Each of the 40-foot containers can yield up to five acres of produce – in 320 square feet of space. That’s about 1,000 heads of lettuce harvested per week in one container. The containers use about five gallons of water a day, 180 kilowatts of daily electricity and no soil.


“We need to have more healthy options. For us to be able to grow vegetables at school and have them at lunch – it would be better for all of us." — junior Ryenne Davis


The partnership with Fresh Harvest 365 was nurtured by UCHS Principal and Director of Secondary Education Michael Peoples, Ph.D. Peoples met Bledsoe while he was volunteering with students at a Young Men’s Night Out event at a local high school, and from there, an idea bloomed to create an agricultural pathway for students at University City High School.

Bledsoe was an inspiration to Peoples. A native of North St. Louis City, Bledsoe went on to Iowa State University and majored in agricultural business. He told his advisor, “People have to eat for the rest of their lives, so let me major in agriculture.”

Fresh Harvest IMG_2525 The crossover from urban life to farm life was a great fit, even though his classmates called him a city slicker. From there, Bledsoe worked at Dow AgroSciences and Pfizer Animal Sciences. A four-year stint in the Philippines, where he was tasked with addressing food scarcity issues, led him to an interest in bringing large-scale, urban hydroponics farming back to St. Louis. Bledsoe says this is a logical approach to empowering local communities with local businesses to grow healthy food in areas where access to fresh produce is limited, and residents may rely on corner markets that typically sell unhealthy and highly processed foods.
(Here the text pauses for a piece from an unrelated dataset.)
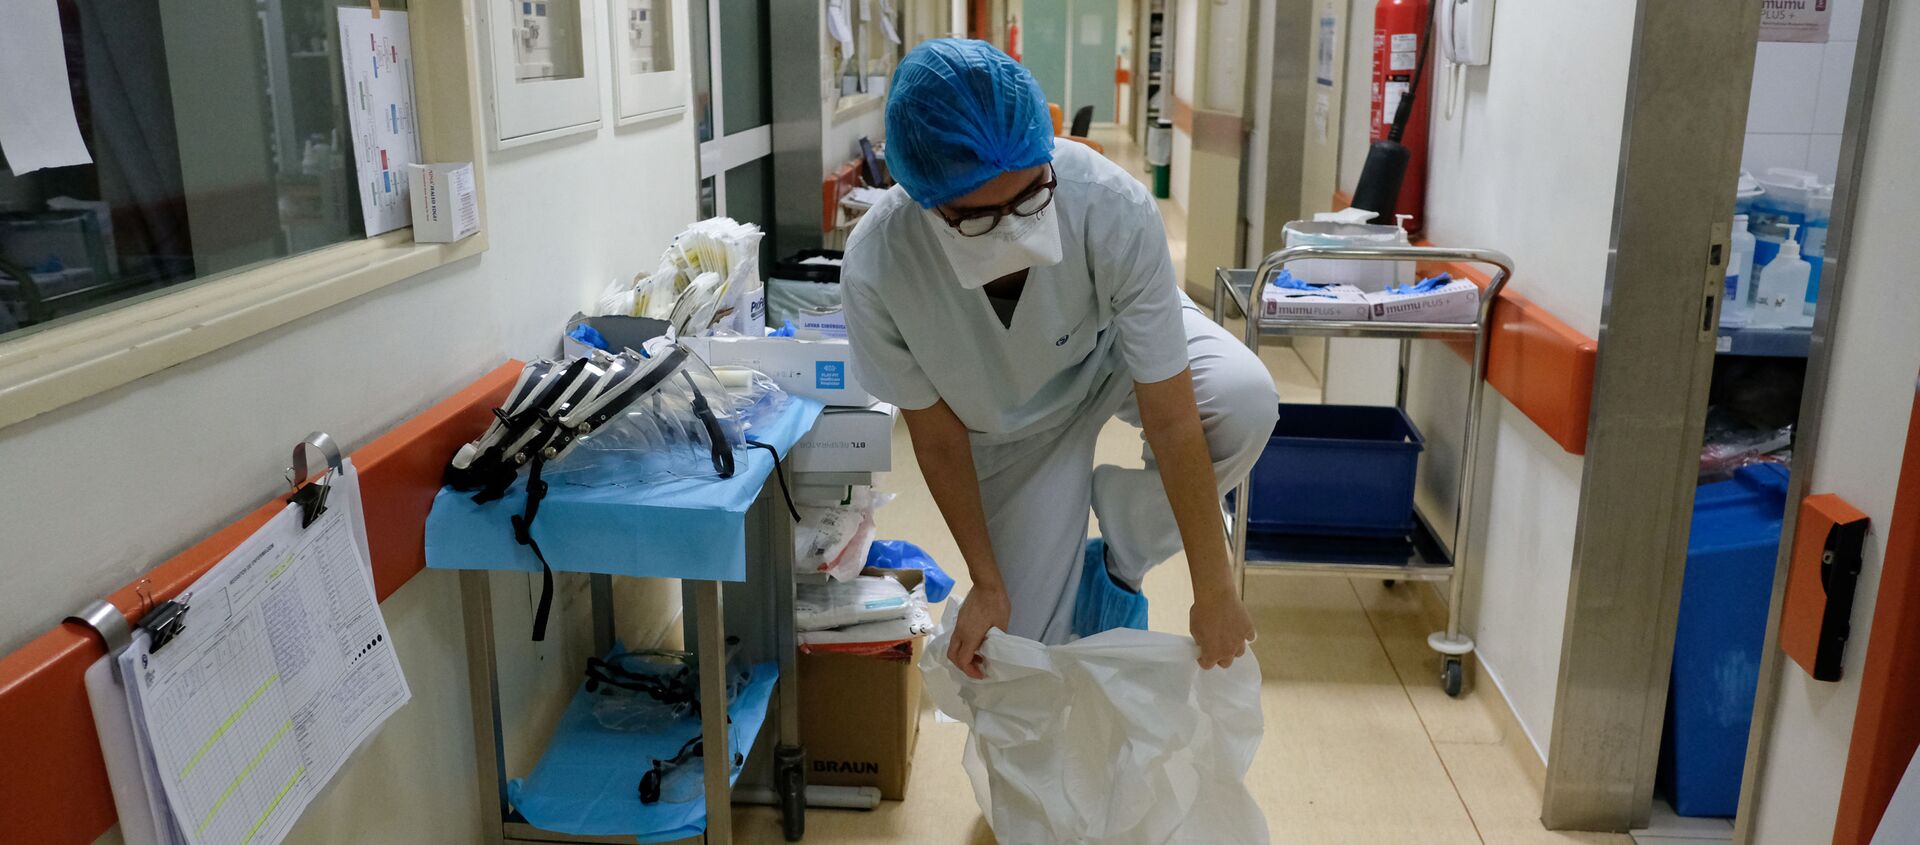 تستعد الممرضة إيناس لوبيز لدخول غرفة مريض كوفيد-19 في مستشفى ساو جوزيه، وحدة العناية المركزة أثناء جائحة فيروس كورونا (كوفيد-19) في لشبونة، البرتغال، 19 فبراير 2021 - سبوتنيك عربي, 1920, 18.11.2021
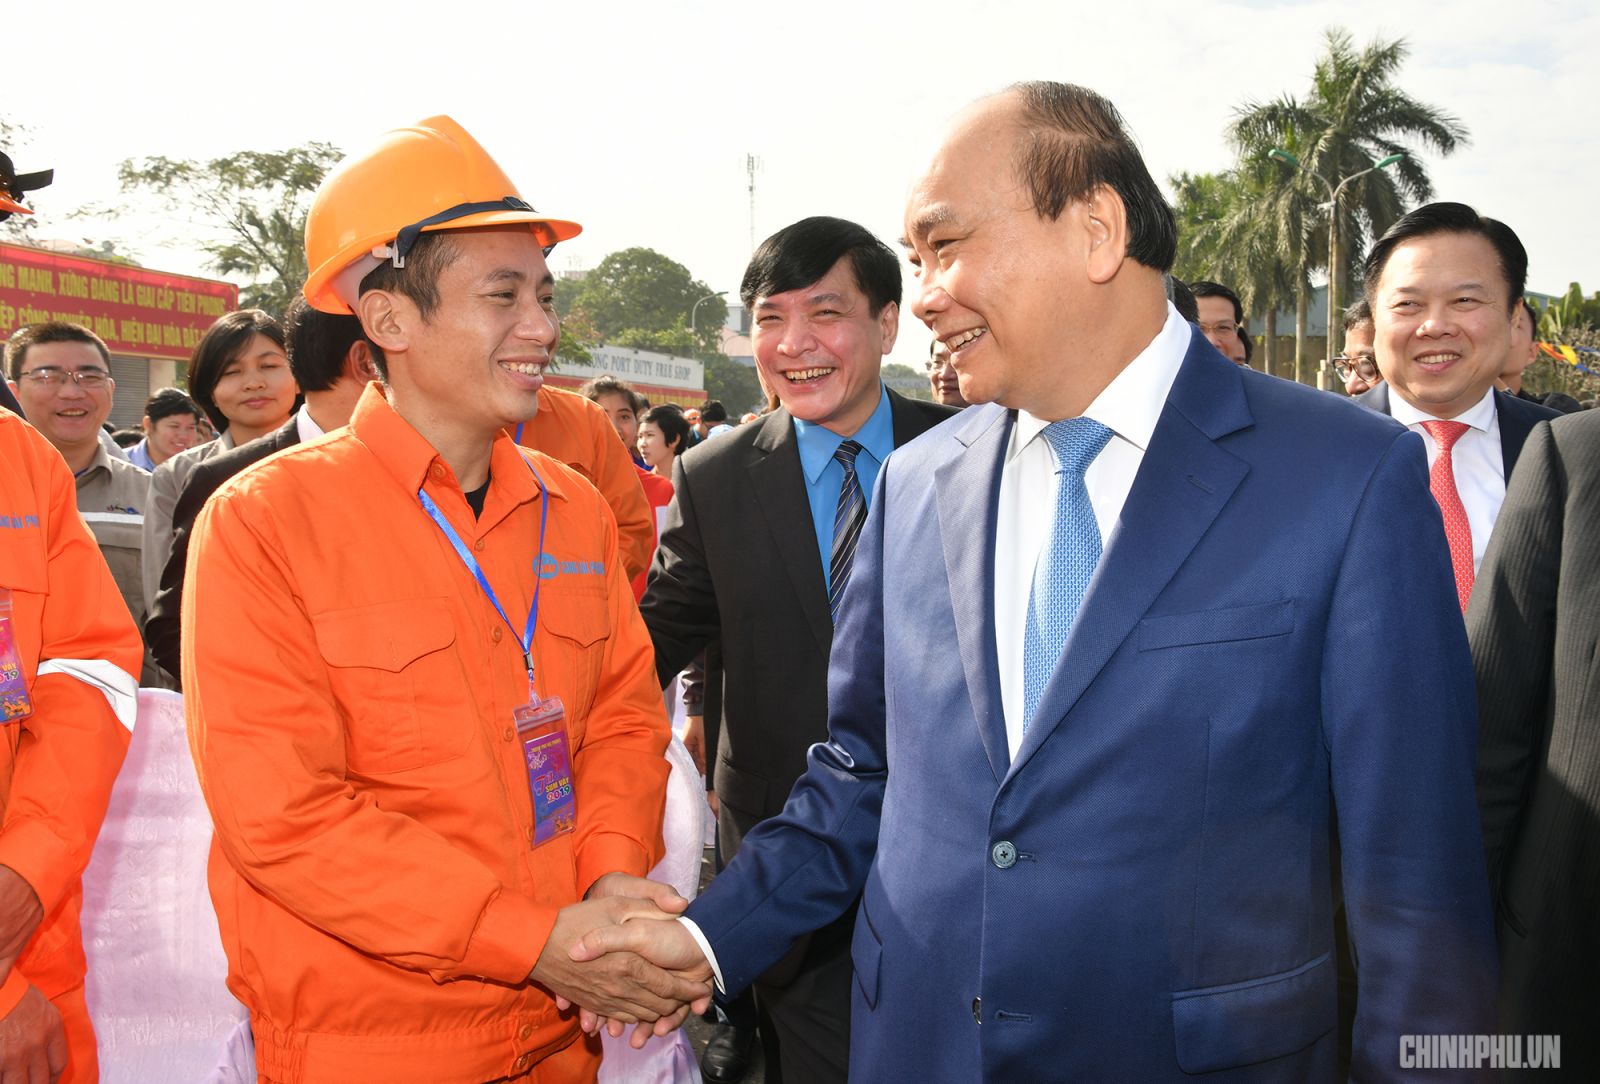 Thủ tướng Nguyễn Xuân Phúc thăm hỏi, nói chuyện với công nhân lao động - Ảnh: VGP/Quang Hiếu

He says there is a future in innovative agriculture for students who will be grappling to solve food scarcity in the decades to come.

Sophomore Anson Collins said the experience provided new ways to address pressing global issues.

“Vertical farming seems to be the solution to us losing a lot of the arable land that we may no longer use to plant food due to global warming, air pollution, etc.,” Collins said. “Vertical farming seems to be the answer to that because it’s land efficient.”

Principal Peoples said he hopes that a Fresh Harvest 365 growing container will one day be placed directly on the campus of University City High School so students can grow and distribute the produce locally and also serve it in the school cafeteria. 

“We need to have more healthy options. For us to be able to grow vegetables at school and have them at lunch – it would be better for all of us,” said junior Ryenne Davis, who noted that students’ go-to meal in the cafeteria is pizza. Vegetables are not really a popular choice. 

Peoples said the partnership with Fresh Harvest 365 is one part of the school’s developing agricultural pathway of courses that should be in place by the 2024-25 school year. Students who participated in the program this summer received a half-credit. This year, the high school is offering its first course in agri-business. 

“Student interest in the pathway is exciting,” he said.

“Several who worked with Fresh Harvest 365 this summer who had no exposure to farming or agriculture developed passions that are now driving their secondary school choices and college search,” Peoples said. “Our students have a growing awareness of food deserts and scarcity, and they are developing mindsets and skill sets to work towards finding solutions to these issues.”

Students who participated in the program celebrated their final day at the farm by cooking and eating the fresh produce they grew. The menu included pesto, an Italian dish made with crushed basil leaves, pine nuts, parmesan cheese and olive oil. Some of the students had never tasted basil before. 

“I felt like, if it has a strong smell, then it has a strong taste,” Davis said. “And, yes it does.”

Welcome to the farm. Seedlings are embedded in sponge on large panels. The panels are hung vertically on sliding walls that have irrigation systems. The plant walls are bathed in different types of light to enhance growth and photosynthesis.